▶

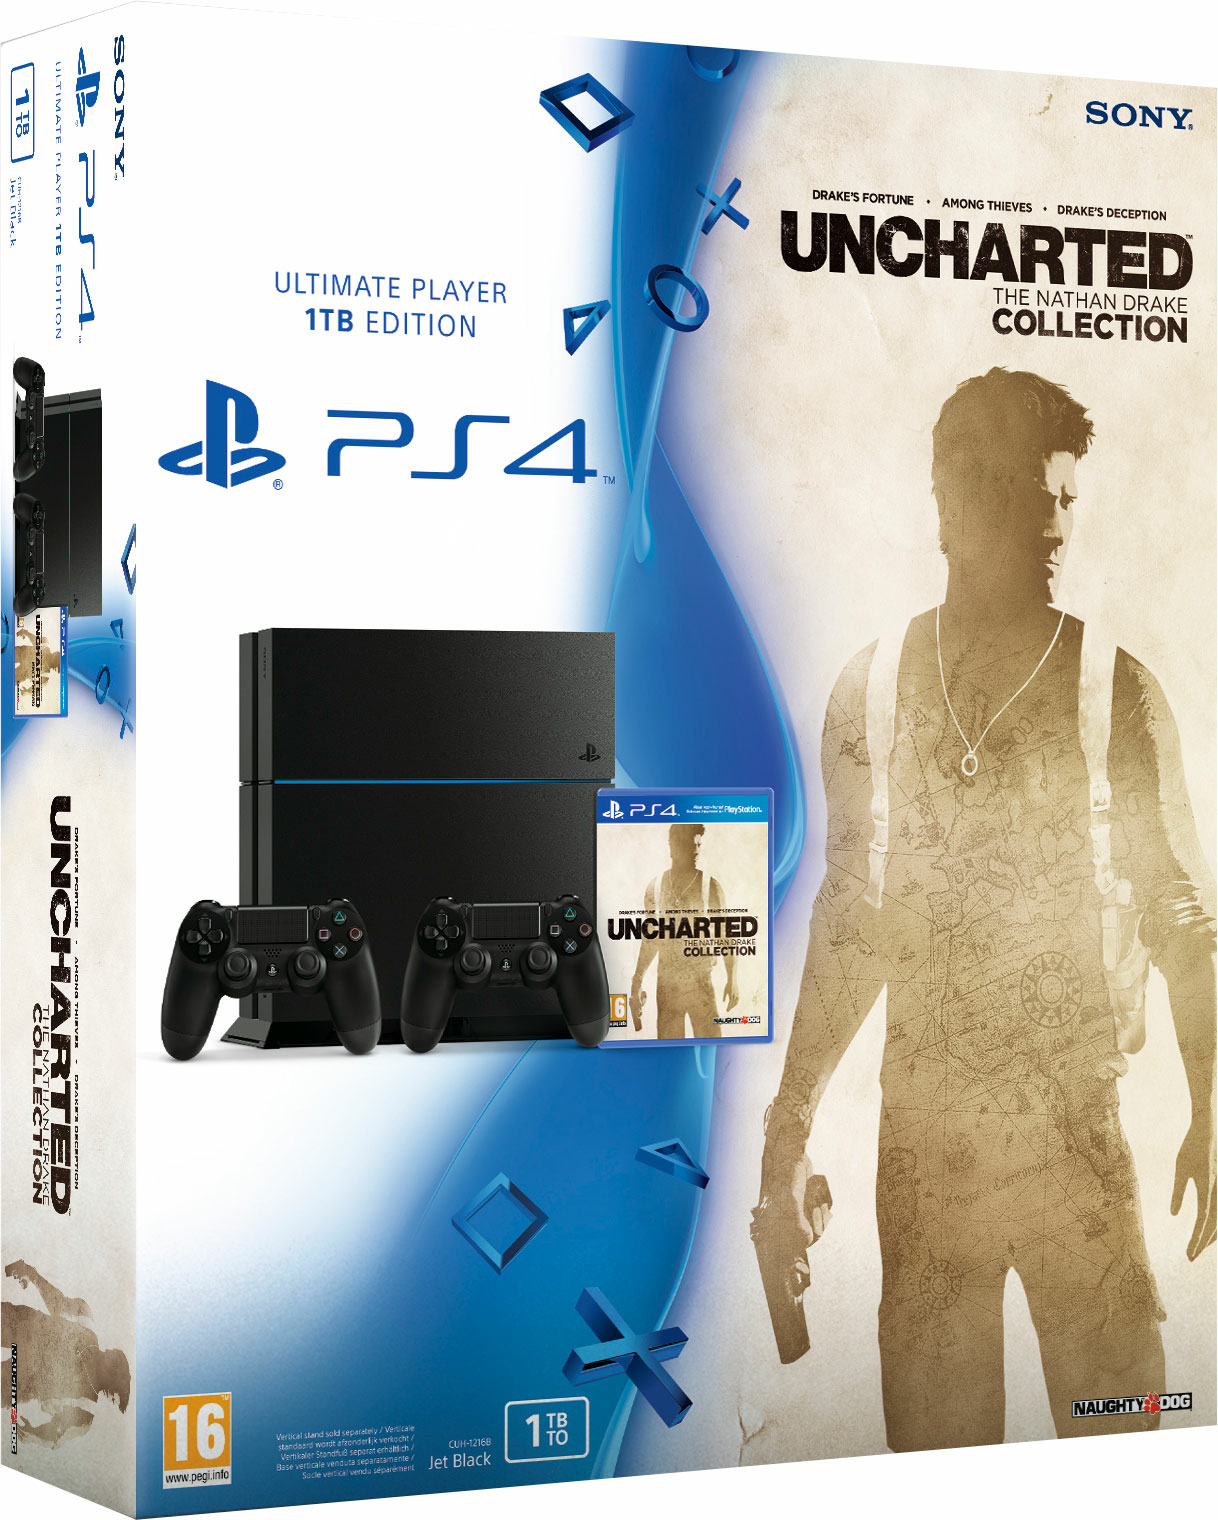 Игра uncharted collection. Uncharted коллекция ps4. Uncharted 1 ps4. Uncharted Nathan Drake collection ps4.
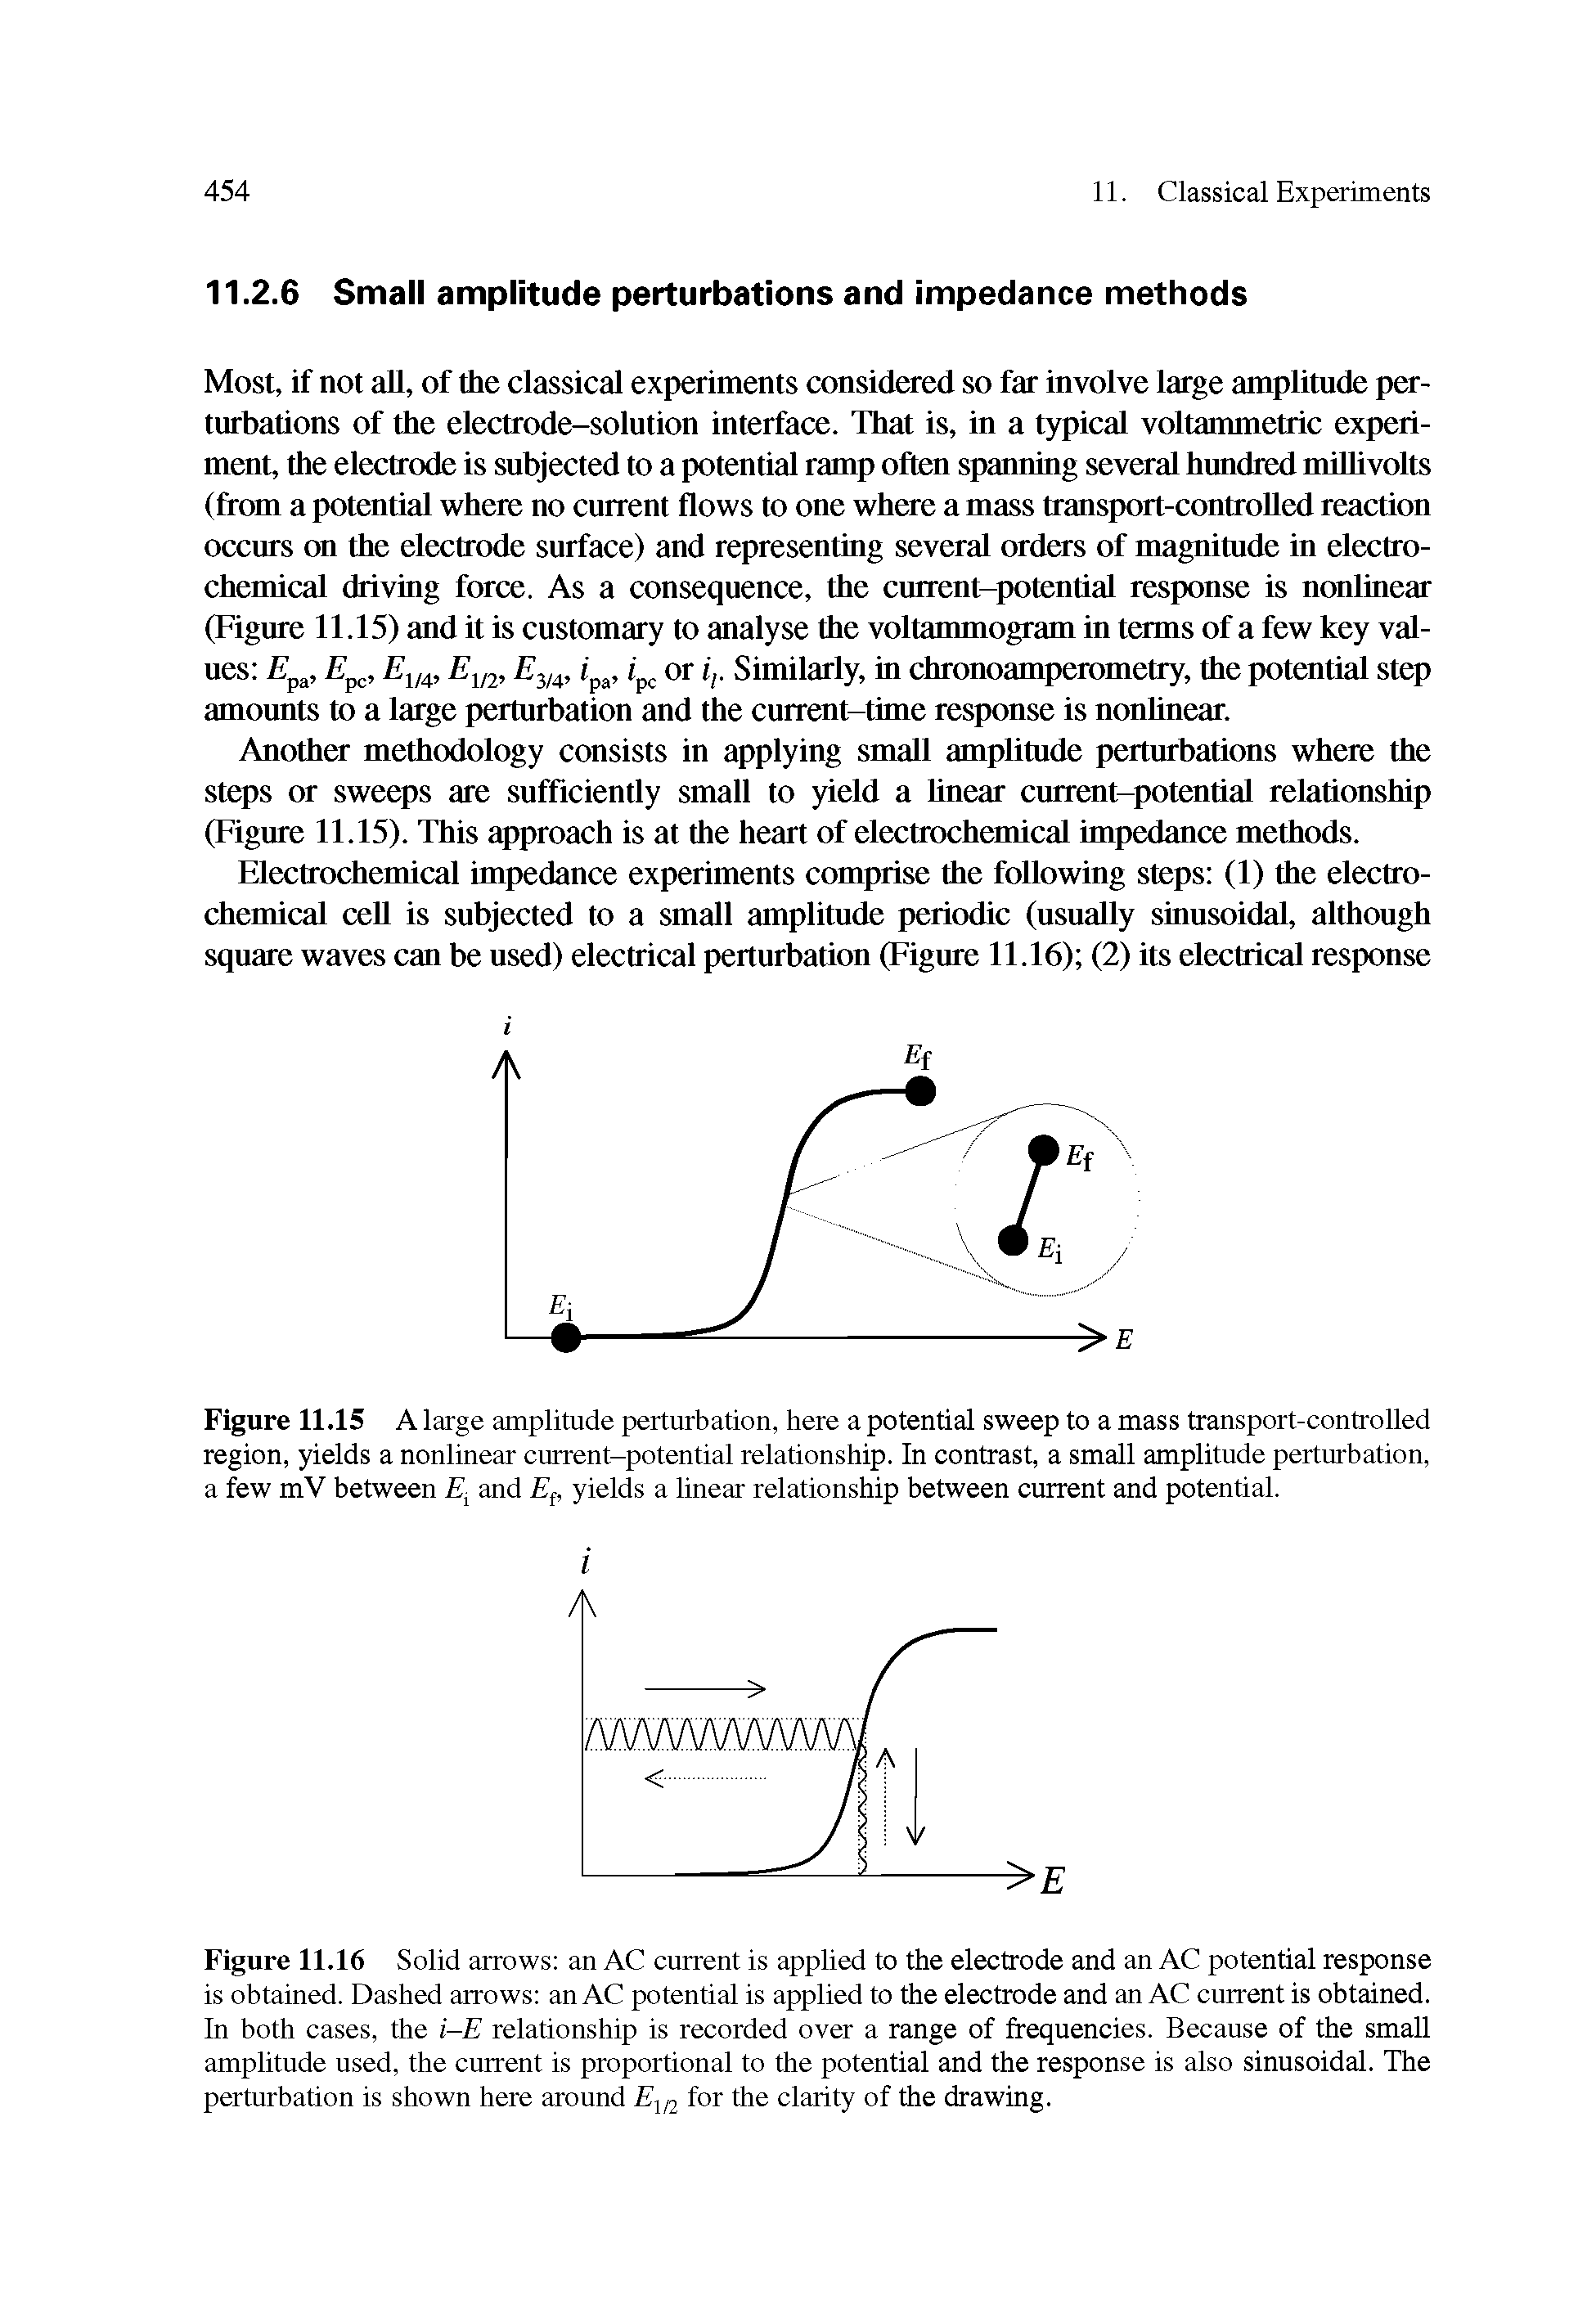 Figure 11.15 A large amplitude perturbation, here a potential sweep to a mass transport-controlled region, yields a nonlinear current-potential relationship. In contrast, a small amplitude perturbation, a few mV between and yields a linear relationship between current and potential.
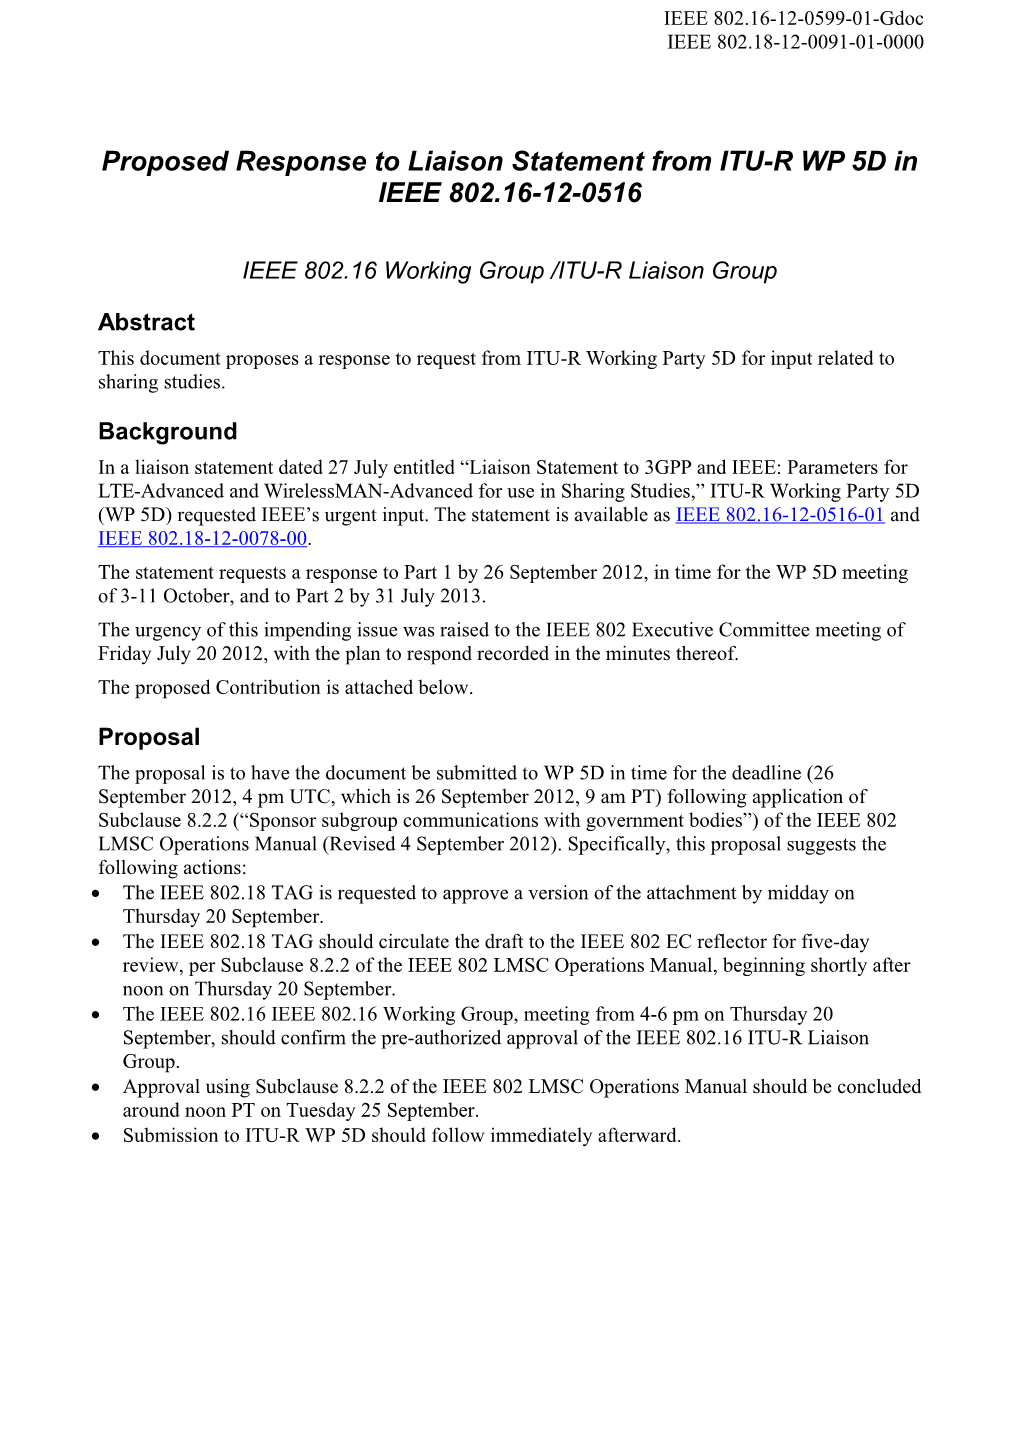 Proposed Response to Liaison Statement from ITU-R WP 5D in IEEE 802.16-12-0516
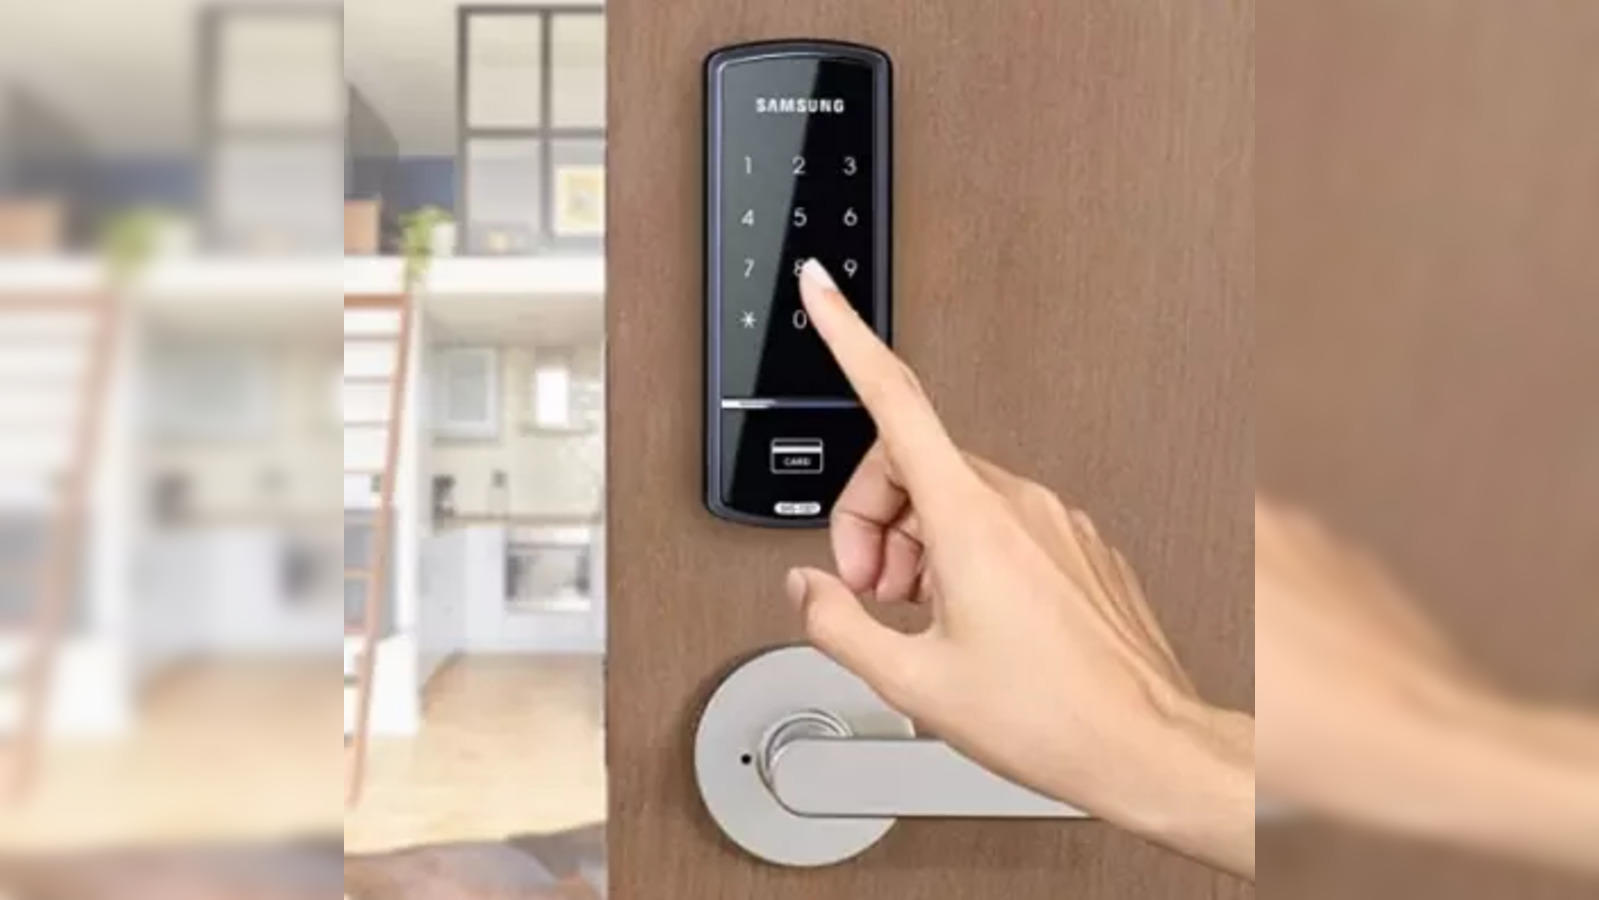 smart locks: How do smart locks work, are they really secure

◀

[WORK TO BE COMPLETED] Without the pictures, repeat exactly the lines running from the line containing "Proposed Response to" through the end of the data, both ends included.

[SOLUTION TO THE PROBLEM]
 Proposed Response to Liaison Statement from ITU-R WP 5D in IEEE 802.16-12-0516
 smart locks: How do smart locks work, are they really secure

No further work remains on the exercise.